There has been less research on the attitudes of Hispanics and other minorities, but hospice workers and palliative-care specialists report similar trends, although each group has unique views. Latinos and Asians tend not to want to tell terminally ill family members that they are dying, fearing that might hasten the end. Language barriers can further complicate care. And questionable immigration status may make families skittish about taking the legal steps necessary to enroll loved ones in hospice programs.

"There is the fear factor," said Carlos Gomez of Capital Hospice. "Some of them are loath to sign lots of pieces of paper. There is the trust issue."

Many families also feel it is their responsibility to provide care and keep fighting.

"We're taught that we take care of our loved ones no matter what," said Cassandra Cotton, a black hospice worker in Las Vegas. "If I was not to take care of my mother, I would be embarrassed in front of my church and my community."

When doctors and nurses do not understand these impulses, it can lead to clashes. Often, such cases are mediated by hospital ethics panels.

"There needs to be a greater realization that there are many approaches to the terminally ill patient, and that a prolongation of care may be a reasonable choice," said William H. Bayer of the University of Rochester Medical Center, who published a study on racial preferences for end-of-life treatment last fall.

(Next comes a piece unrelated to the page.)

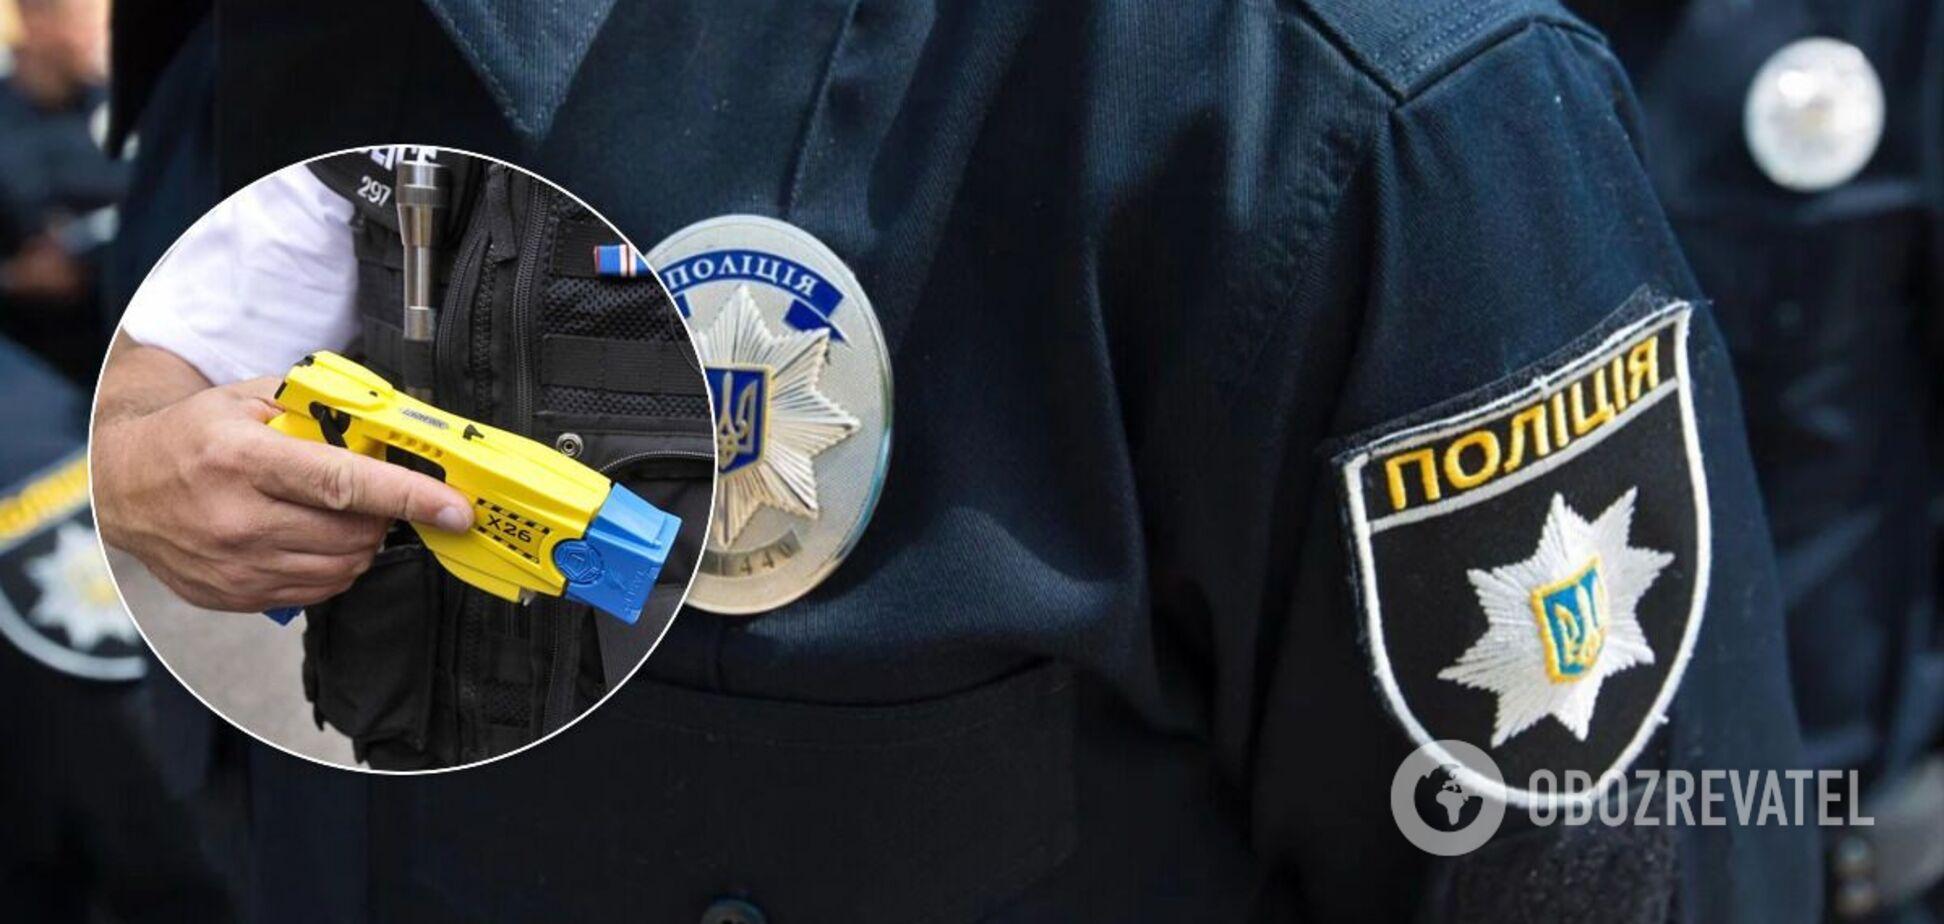 Украинская полиция начала испытания электрошокеров для борьбы с преступниками. Видео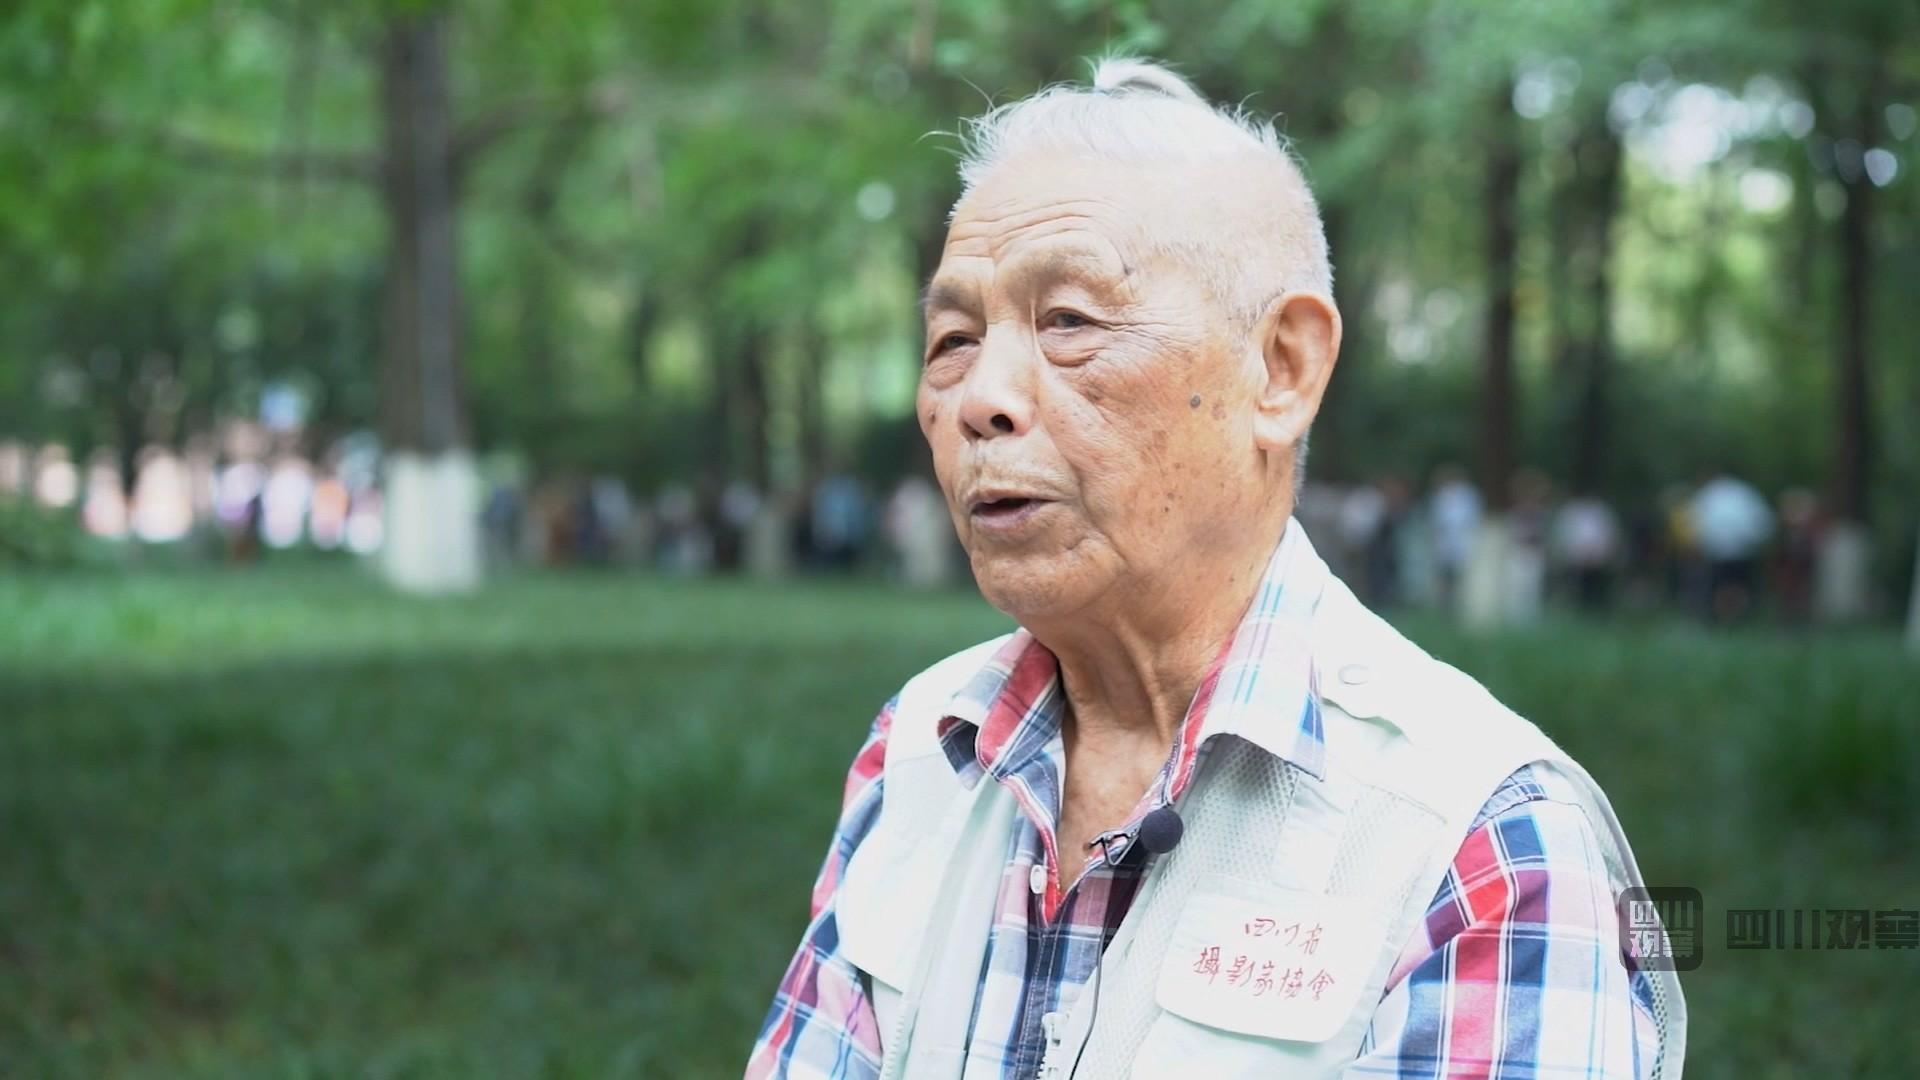 北京爱情故事电影在线观看完整版,北京爱情故事电影免费观看手机版  第2张

Other experts say that there is nothing noble or redemptive in suffering and that far too often patients suffer unnecessarily.

"To say that African American patients are more likely to want suffering so they will be close to God when they die is just incorrect," said Payne, of Duke University. "I think that romanticizes suffering."

While Burr, the Oakland cancer patient, opted for hospice, she said she understands why some friends are wary.

"A lot of black folks think if you write a will, that means death. It's just a cultural thing for us," Burr said. "Same thing with hospice -- hospice means death. And a lot of folks think they're just trying to railroad you to the graveyard."

Christina Clarke wishes she had been able to make her mother feel comfortable with hospice so she could have spent her last holidays at home.

"I really wanted to do that," said Clarke, whose mother died the day after Christmas. "But she had a good fight, and it was her choice. It was entirely her decision. Absolutely."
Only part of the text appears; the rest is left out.